EXERCISE DESCRIPTION: Copy out exactly the stretch of the listing below that begins at the line containing "Bon état. Peut" and ends at the line containing "พระเยซูคริสต์ใ", and copy nothing outside it.

SUPPLIED MATERIAL:

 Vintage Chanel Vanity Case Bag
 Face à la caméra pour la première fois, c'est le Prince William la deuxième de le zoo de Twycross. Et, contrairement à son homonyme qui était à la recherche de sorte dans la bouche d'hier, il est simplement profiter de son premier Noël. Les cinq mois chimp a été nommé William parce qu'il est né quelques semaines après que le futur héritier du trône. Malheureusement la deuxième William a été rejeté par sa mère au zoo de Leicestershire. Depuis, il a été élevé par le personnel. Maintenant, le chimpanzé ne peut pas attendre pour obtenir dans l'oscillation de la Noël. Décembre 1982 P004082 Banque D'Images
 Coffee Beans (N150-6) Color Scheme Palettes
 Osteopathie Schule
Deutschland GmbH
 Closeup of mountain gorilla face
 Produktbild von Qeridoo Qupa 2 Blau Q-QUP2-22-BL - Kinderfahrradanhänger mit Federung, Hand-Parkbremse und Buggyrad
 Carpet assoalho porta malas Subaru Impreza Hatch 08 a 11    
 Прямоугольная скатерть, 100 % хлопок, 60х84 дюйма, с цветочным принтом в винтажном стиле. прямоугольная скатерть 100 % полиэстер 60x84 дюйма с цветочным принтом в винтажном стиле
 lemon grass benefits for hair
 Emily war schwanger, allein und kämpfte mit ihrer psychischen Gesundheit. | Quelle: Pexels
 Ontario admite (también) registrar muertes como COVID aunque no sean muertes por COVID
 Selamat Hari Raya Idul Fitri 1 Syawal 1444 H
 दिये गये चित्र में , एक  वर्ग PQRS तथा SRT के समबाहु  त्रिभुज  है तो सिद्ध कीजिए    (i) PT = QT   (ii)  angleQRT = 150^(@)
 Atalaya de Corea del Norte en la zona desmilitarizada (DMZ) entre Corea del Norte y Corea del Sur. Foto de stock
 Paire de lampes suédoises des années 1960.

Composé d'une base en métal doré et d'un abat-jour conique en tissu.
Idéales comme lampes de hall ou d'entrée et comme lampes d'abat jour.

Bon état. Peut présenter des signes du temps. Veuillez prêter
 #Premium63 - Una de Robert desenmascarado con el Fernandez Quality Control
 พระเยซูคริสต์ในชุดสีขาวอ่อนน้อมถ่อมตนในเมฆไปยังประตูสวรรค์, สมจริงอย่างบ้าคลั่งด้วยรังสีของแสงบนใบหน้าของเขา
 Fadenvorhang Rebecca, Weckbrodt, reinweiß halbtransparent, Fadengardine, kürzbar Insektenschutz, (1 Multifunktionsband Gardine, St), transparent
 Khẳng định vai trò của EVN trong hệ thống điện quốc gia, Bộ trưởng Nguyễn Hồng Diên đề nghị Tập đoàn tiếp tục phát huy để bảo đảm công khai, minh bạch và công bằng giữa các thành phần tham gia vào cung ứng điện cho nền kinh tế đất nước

ANSWER SPACE:
Bon état. Peut présenter des signes du temps. Veuillez prêter
 #Premium63 - Una de Robert desenmascarado con el Fernandez Quality Control
 พระเยซูคริสต์ในชุดสีขาวอ่อนน้อมถ่อมตนในเมฆไปยังประตูสวรรค์, สมจริงอย่างบ้าคลั่งด้วยรังสีของแสงบนใบหน้าของเขา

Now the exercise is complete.